Background:

Patients admitted to our hospital with possible Acute Coronary Syndrome (ACS) have a length of stay exceeding the community average. We postulated that the admitting residents were deferring the decision to order a stress test to the attending of record or cardiology consult. We hypothesized that implementation of a clinical decision support tool (CDST) would increase the appropriate and timely ordering of cardiac stress tests.

Methods:

A CDST was created in collaboration with the cardiology service and subsequently dispersed to the admitting housestaff starting July 1, 2015 (Figure 1). Feedback was solicited during the initial implementation phase though no modification to the CDST was made. 

We compared the cohort of patients admitted with appropriate cardiac diagnoses during the four months prior to the implementation of the CDST (March through June 2015) with patients admitted during the four months after implementation (July through October 2015). The primary outcomes were average length of stay (ALOS), rate of stress test performed, and the rate of positive stress test. Housestaff were surveyed about their reactions to the CDST.

Results:

Prior to the intervention 717 patients were admitted with chest pain, whereas 602 patients were admitted with chest pain after the intervention. The rate of stress tests went from 28.6% prior to the intervention to 21.1% after the intervention (p < 0.01). The difference in rates of abnormal stress tests and ALOS were not statistically significant.

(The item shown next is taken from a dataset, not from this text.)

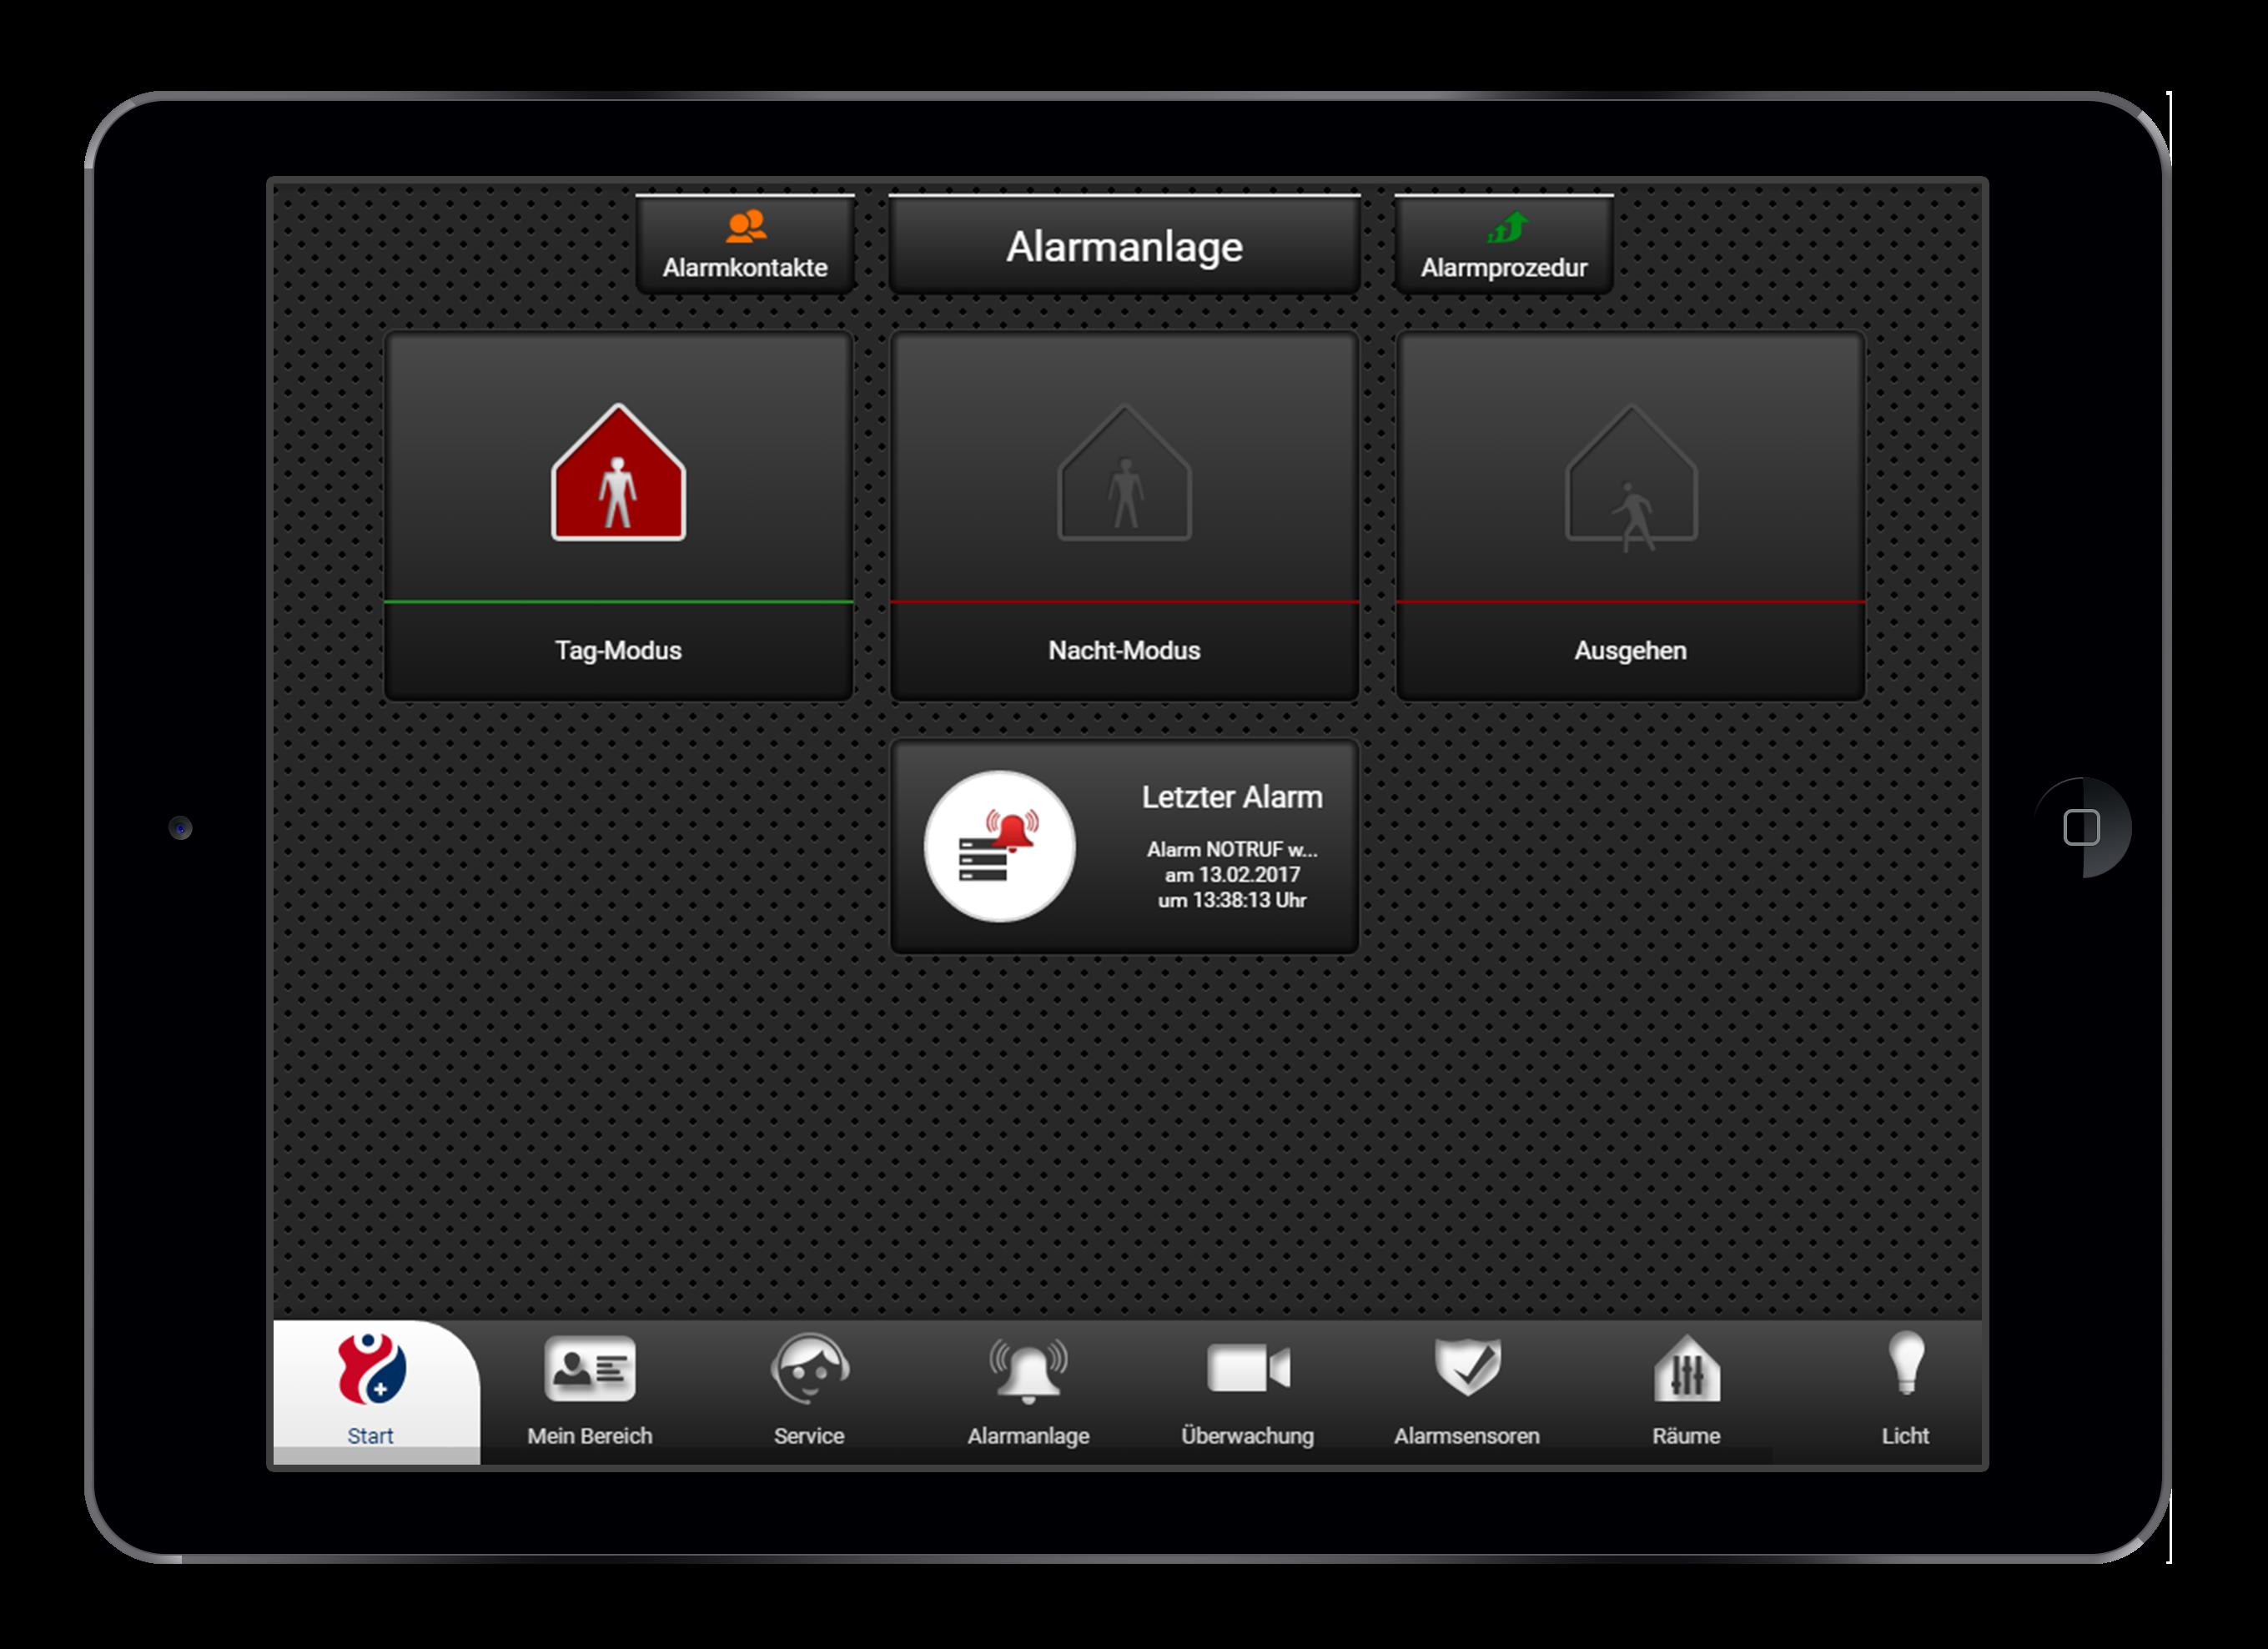 Design und Entwicklung Alarmanlage in Smarthome App

The survey response rate was 54% for the admitting residents (25/46). When asked if they use the CDST for guidance when they have difficulty deciding whether or not to order a stress test, 36% said “never” whereas 28% said either “often” or “always”. A majority (58.3%) of residents agreed or strongly agreed that the decision support tool is a helpful resource, and 54.2% of residents agreed or strongly agreed that they would recommend the tool to others.

Conclusions:

The implementation of a CDST was associated with a significant decrease in the rate of inpatient stress tests performed at our hospital. The rate of abnormal stress tests was unchanged, suggesting that the CDST may have led to the ordering of fewer tests that likely would ultimately have been negative. The survey data suggests that the majority of residents find the tool helpful, however there is still a cohort of residents who never use CDST. Increasing resident use of the CDST has potential to decrease unnecessary testing and reduce ALOS, and may be achieved through integration of the CDST into workflow, for example by embedding it in the electronic ordering system.